Every QFUERZA angle value matches the Zenodo archive exactly: non-H angles equal FUERZA; H-angles are substituted with 0.5.

Seminario projection divergence on bonds

When we independently recompute Seminario/FUERZA bond force constants from the Gaussian Hessian (cisplatin_opt_freq_m06.log), our N-Pt bond matches exactly but Pt-Cl (+16.9%) and N-H (+16.3%) diverge from the values in the Zenodo .fld files. The bond values in the table above are read directly from the Zenodo .fld (not recomputed). See q2mm-data/qfuerza-zenodo/README.md for full provenance.

FUERZA overestimation is not a fixed 2×

The paper describes FUERZA as producing angle FCs "two times too strong," but the actual cisplatin ratios are 4.13× (H–N–Pt) and 2.89× (H–N–H). The ~2× is a rough cross-molecule average, which is why QFUERZA uses fixed substitution rather than a scaling factor.

Post-optimization convergence

After Q2MM gradient optimization, all methods converge to nearly identical final parameters:

Parameter QFUERZA opt FUERZA opt Difference
N–Pt 1.162 1.162 < 0.1%
N–H 7.006 7.006 0.0%
Pt–Cl 1.924 1.934 0.5%
Cl–Pt–Cl 1.463 0.981 49%*
H–N–Pt 0.224 0.224 0.0%
H–N–H 0.624 0.624 0.0%

*Cl–Pt–Cl converges to different local minima depending on initialization. The paper attributes this to the parameter landscape.

γ-FUERZA scaling factor

The paper text says γ = 0.67, but the Zenodo data shows γ = 0.680 (to 3 decimal places). This minor inconsistency does not affect us since we don't implement γ-FUERZA.


4. Test coverage

Unit tests (test/test_models.py)

The TestQFUERZA class contains 13 tests covering:

  • H-angle substitution — angles with outer hydrogen get the 0.5 default; non-H angles are unchanged
  • Determinism — same input → same output across repeated calls
  • Equilibria preservation — QFUERZA only changes force constants, not equilibrium geometries

Parity tests (test/integration/test_seminario_parity.py)

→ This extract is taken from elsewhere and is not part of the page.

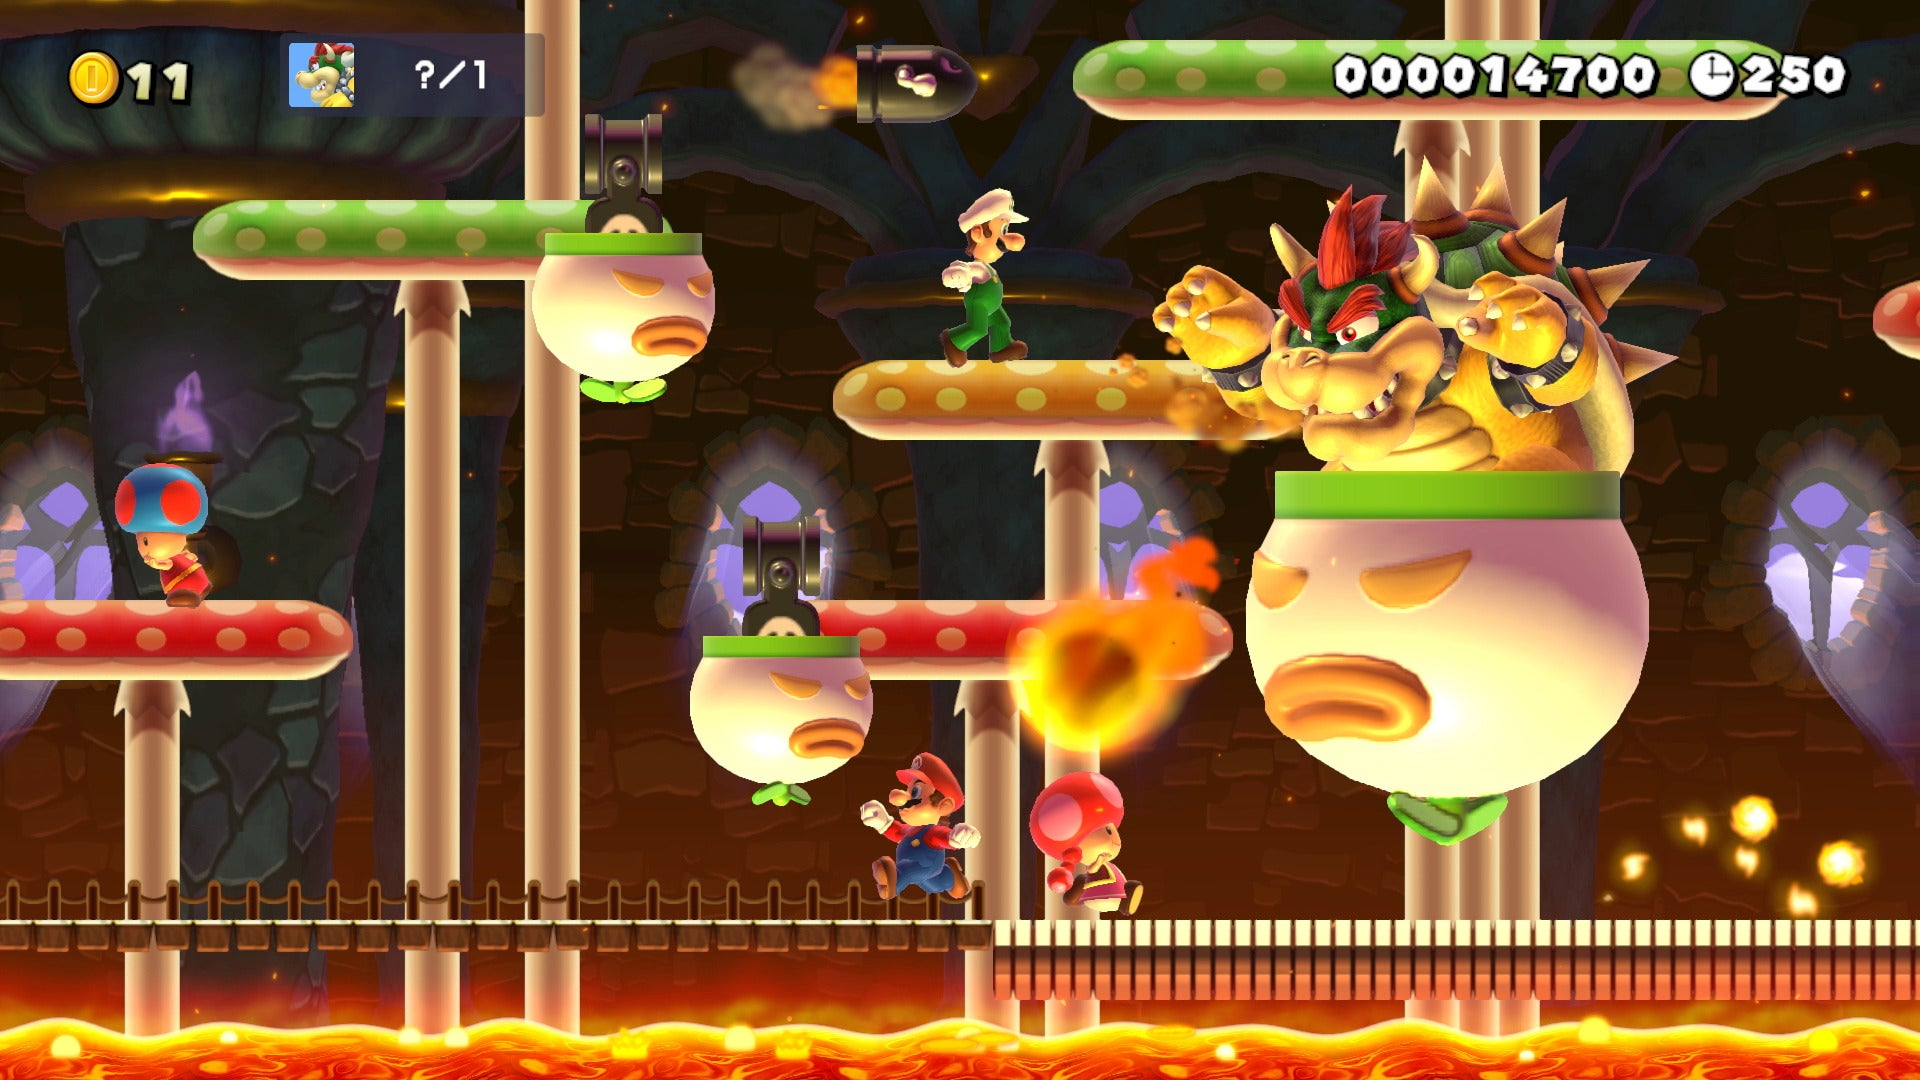 Mario Maker 2 Player Finds Useful Trick For Making Randomised Levels

Golden-fixture tests compare our output against reference values for ethane, Rh-enamide, and SN2 at rel=1e-6 tolerance.

Parity fixtures are self-referential

The golden fixtures for the ethane, SN2, and Rh-enamide systems were generated by our own code, not extracted from the paper. They verify self-consistency (no regressions) but not paper-parity.

Zenodo fixture

test/fixtures/seminario_parity/cisplatin_zenodo_reference.json contains the force constants from all four methods plus optimized results, extracted from the Zenodo archive. This fixture documents the paper's numerical values for future validation work.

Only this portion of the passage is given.